With that context, it becomes clear that the semitone could never be used as a standard unit of measure. It varied wildly over time and from tuning system to tuning system, whereas the 9:8 whole tone had been standardized for thousands of years. (I should note that with these tuning experiments, the "whole tone" also could refer to intervals of other sizes too, especially 10:9 or some other compromise. Yet, despite different size "tones" sometimes being used in scales, there was always THE tone, the 9:8 one the ancient Pythagoreans originally settled on when deploying the octave, fifths, and fourths together.)

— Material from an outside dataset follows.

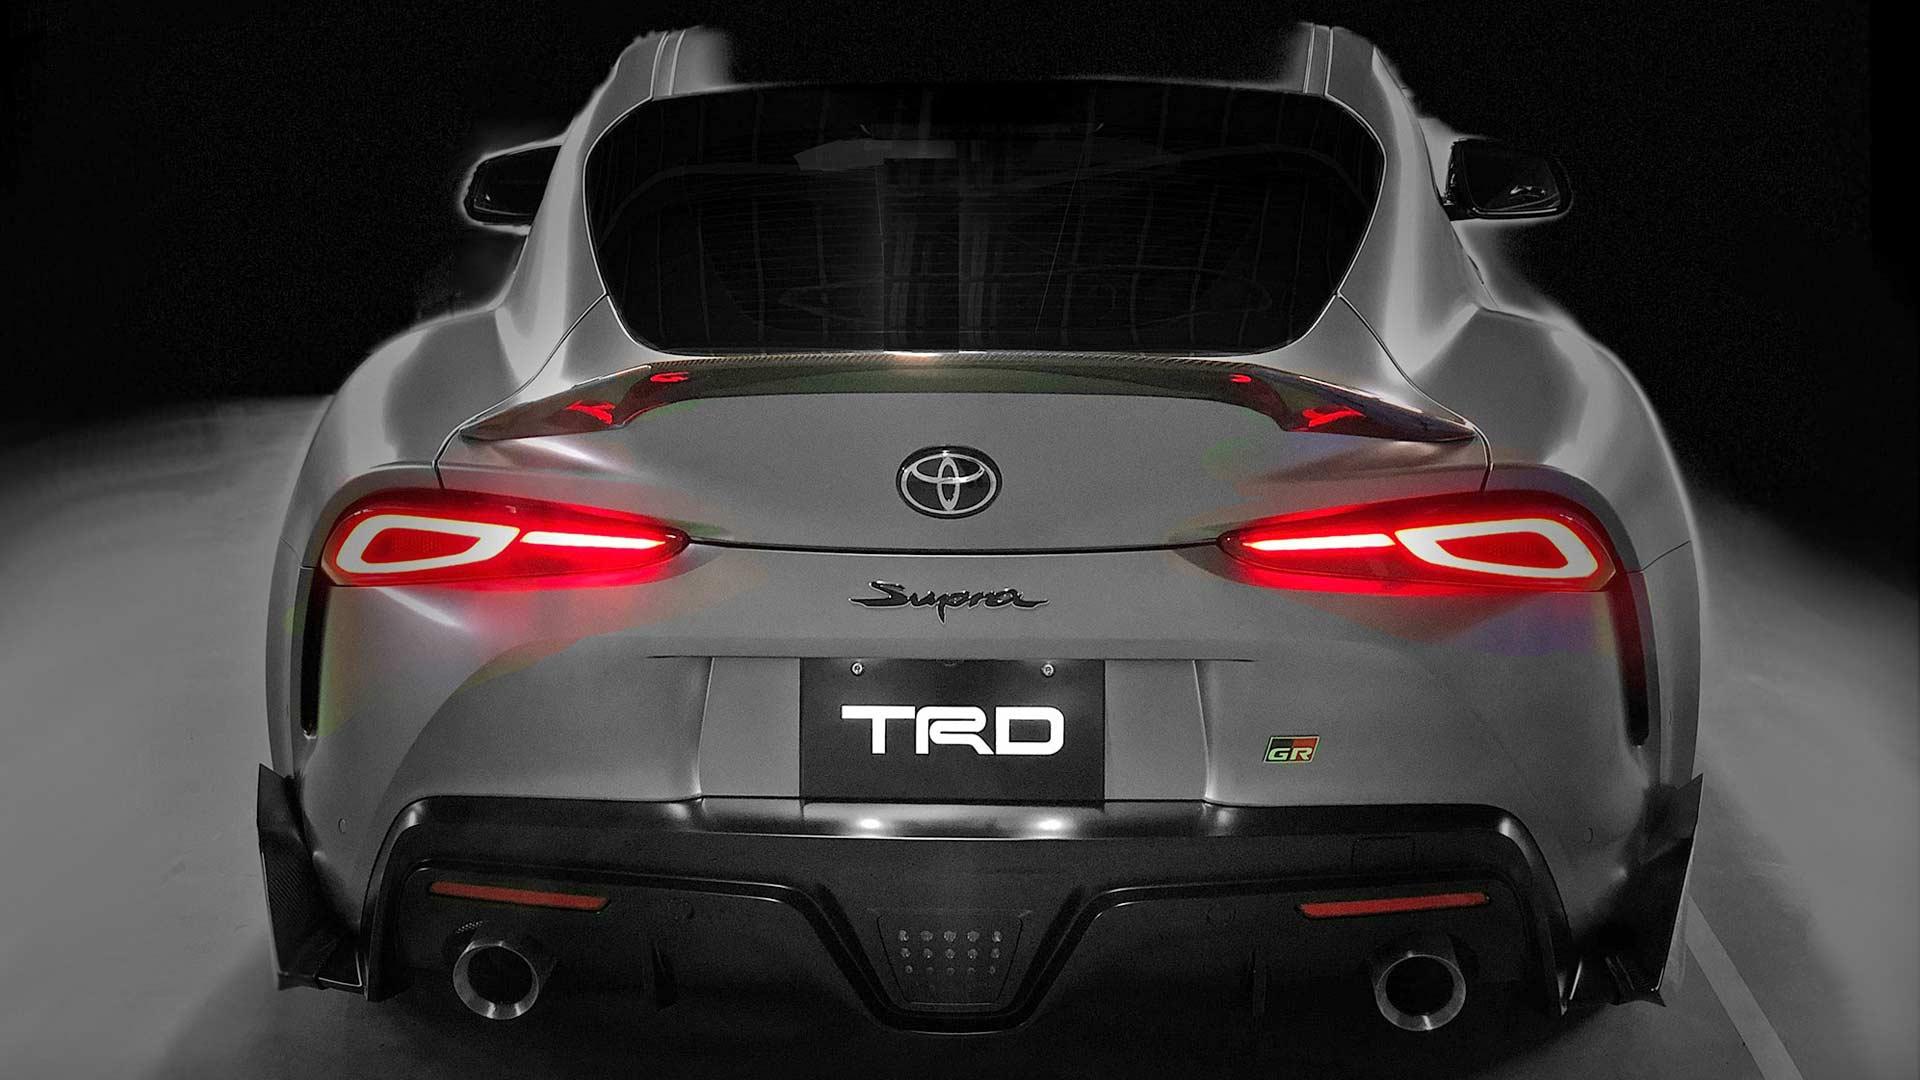 2020-Toyota-Supra-TRD-parts-concept_4

It was only around the years 1700 to 1900 that Western scale tuning systems gradually moved toward equal temperament, where there are exactly 12 semitones in an octave (each exactly the same) and a semitone is always exactly equal to half of a whole tone. From the perspective of the past couple centuries, the semitone can seem like an obvious standard measure for the scale. But historically, it was very ill-defined and varying in size, the "leftover bit" after all the important notes of the scale had been tuned.

Answer 3

Who says there are 6 tones to an octave? There are seven notes, and they are not evenly spaced. In equal temperament, considering them in units of semitones (which divide an octave into 12 equal intervals) makes some sense.

But equal temperament is a late comer to the game. And when you talk in terms of equal temperament, the unit for talking is semitones: a fourth is considered to be a distance of 5 semitones, not 2½ tones. A major second is two semitones, not "1 tone". At best, it is "a whole note apart".

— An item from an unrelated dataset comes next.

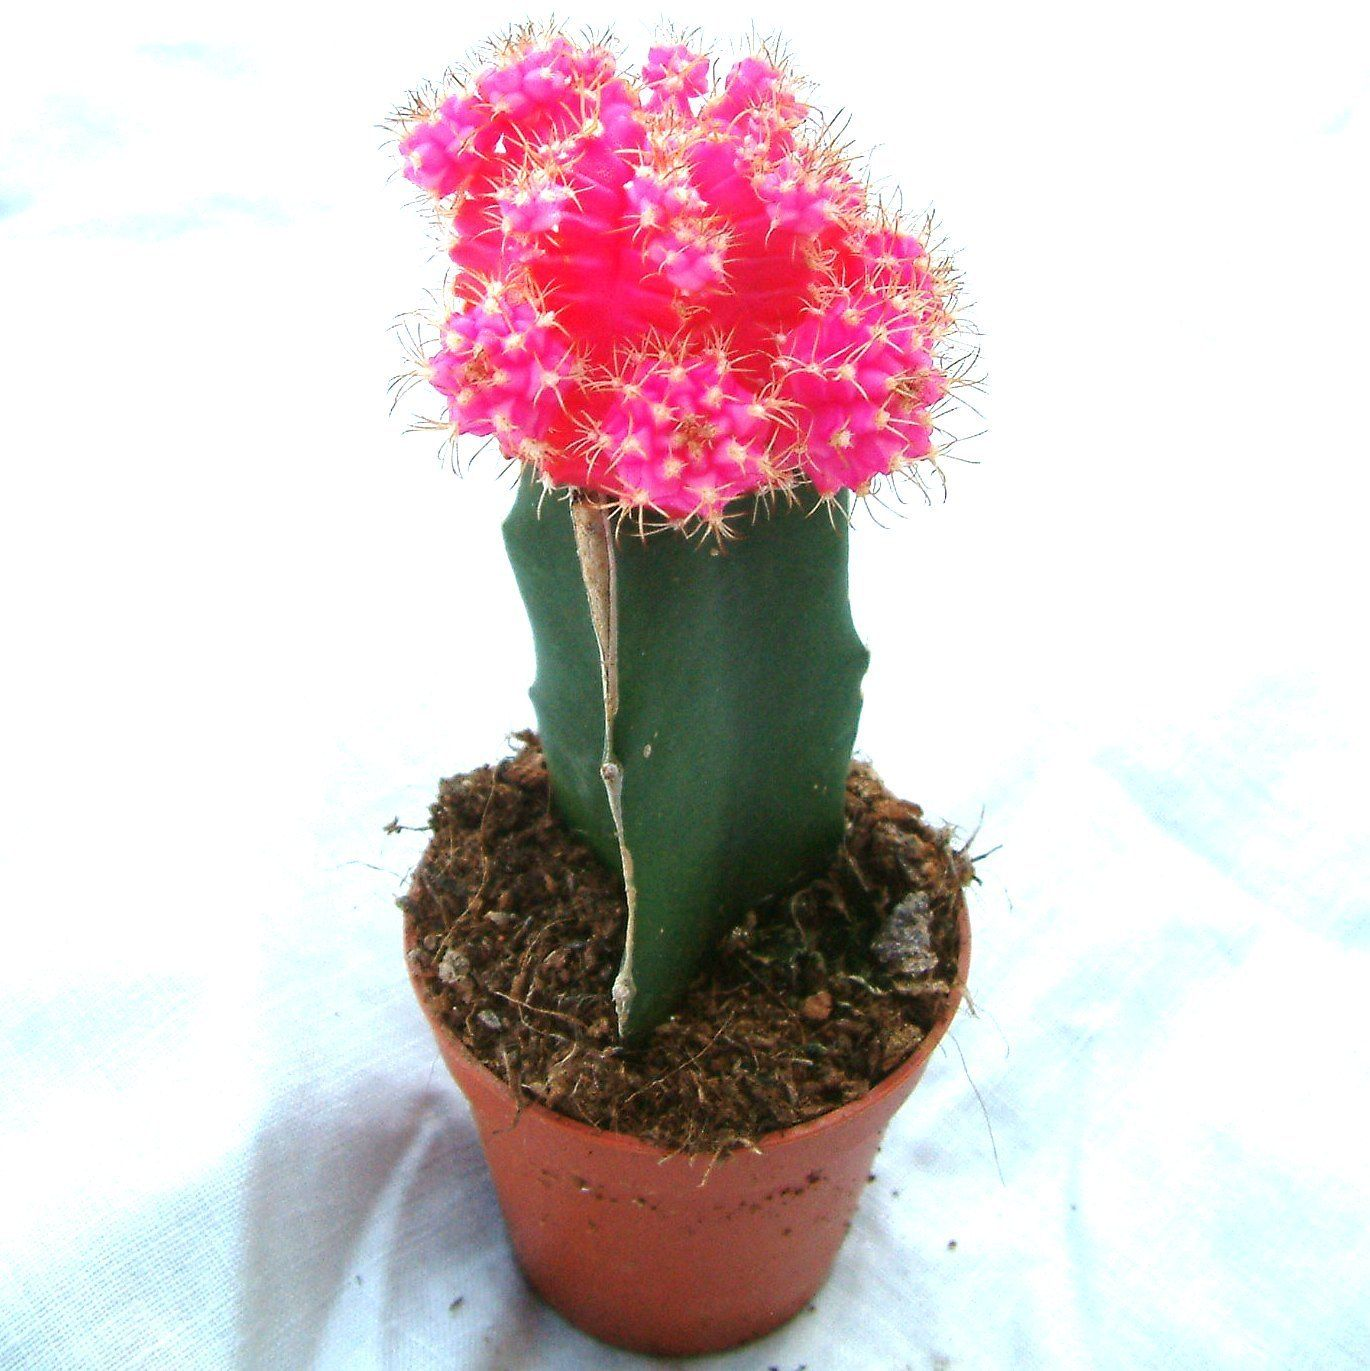 Pink Cactus Plant Ikea Cactaceae Grafted Cactus Grafted Cactus

Note intervals are named 1-based, semitone distances are counted 0-based.

This kind of distinction is done very rigidly, and yes, historical reasons play a large role. But once you leave the idea of equal temperament, semitones (or tones) as a unit stop making perfect sense.

And for better or worse, our precise notes may these days be equal-temperament, but the hearing of intervals in Western music isn't: you can walk in "thirds" through whole scales, and the resulting sound will be natural to our ears even though the result is having an irregular pattern of major and minor thirds (or 4 and 3 semitones of distance).

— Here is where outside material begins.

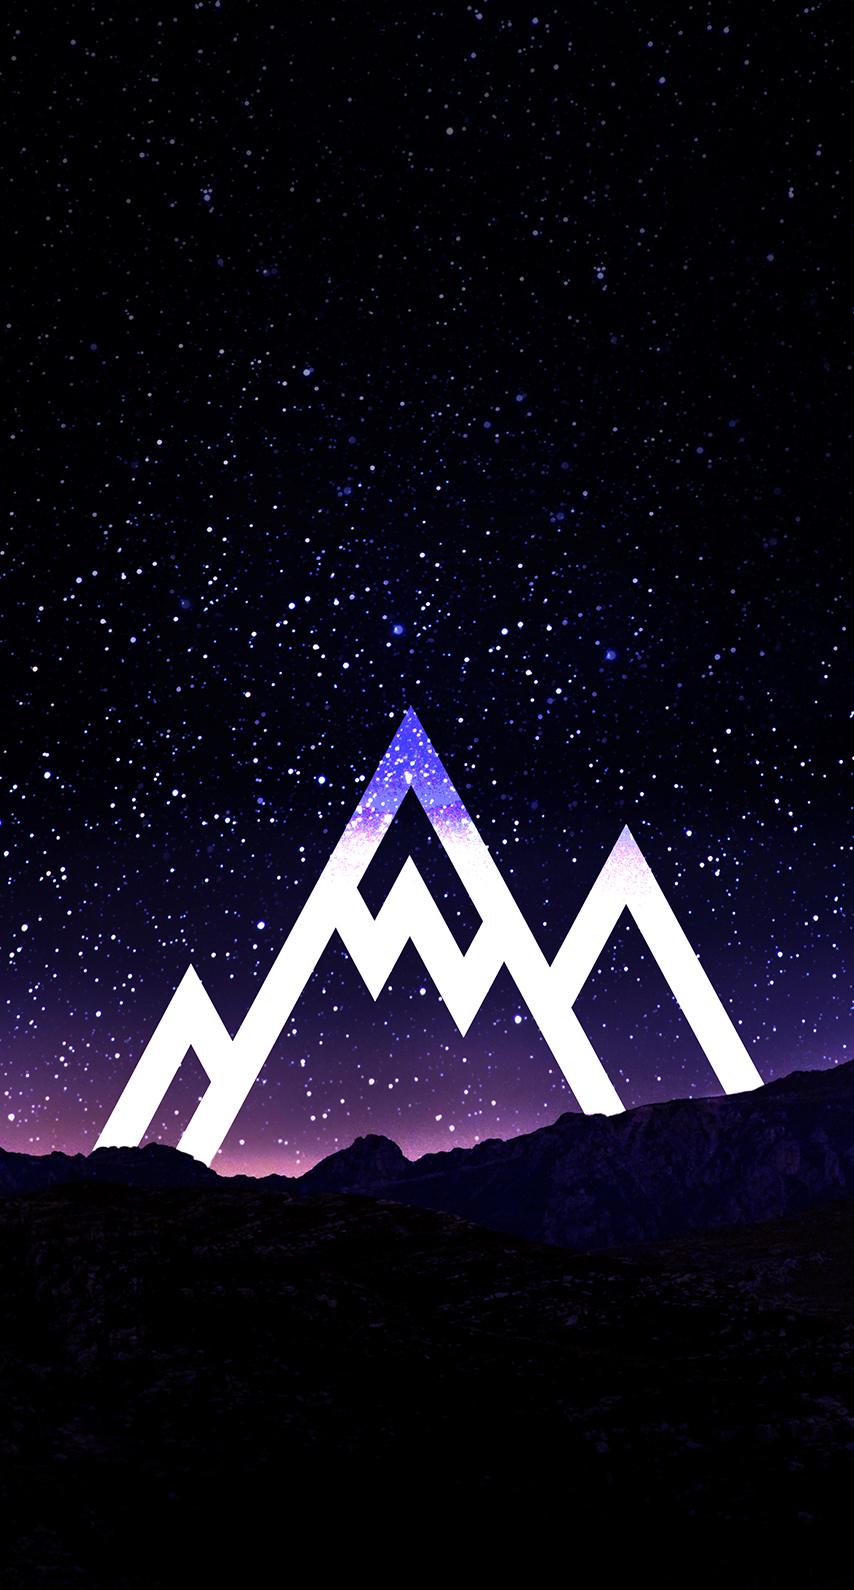 constellation, exploration

Playing such scales of thirds smoothly on an instrument organized by semitones (like a guitar or chromatic button accordion) rather than a note-based keyboard (like a piano) is actually taking a lot of practice.

So the "historical reasons" dividing an octave into non-equal notes rather than equal tones are actually still quite alive: dodecaphonic music has not taken the day.

Answer 4

Taking a look at any diatonic instrument (and for better or worse, Western music is built on diatonic scales), the most common scale step (a major second) is two semitones. A major third is a distance of two major seconds, and four semitones. There is no two-semitone third (twice-diminuished is not really cutting it). So there is some point in calling the most common scale step a "tone" rather than "two tones", even thought the underlying grid is that of semitones.

It's not that uncommon: angles are often viewed/analysed in terms of "quadrants", with a quadrant being a quarter of a full revolution/circle. "In the third quadrant" will ring a louder bell with mathematicians than "in the second half-plane". Indeed, the latter can even trigger the question "which quadrants do you define your half-planes to be on?".

Now while the most common step in a scale covers a distance of two seminotes, you never place 6 such steps in a row in diatonic scales: a subdivision of an octave into 6 equal intervals is highly unnatural while a subdivision into 12 equal intervals is the basis of current scale construction.

So the principal unit is semitone (which, as a word, means "half tone"). If that offends your sense of mathematics: the principal standard international unit of mass is defined as the kilogram, 1kg, namely 1000 grams. According to etymology, the basic unit should be the gram.

If something as dignified as an international unit standard can use a multiple as a base unit, why shouldn't musicians be allowed to use a "semitone" as their base unit? It turns out that "1 cent" is actually 100th of a semitone, so the semitone as an anchor of musical reckoning is pretty firmly established, its name notwithstanding.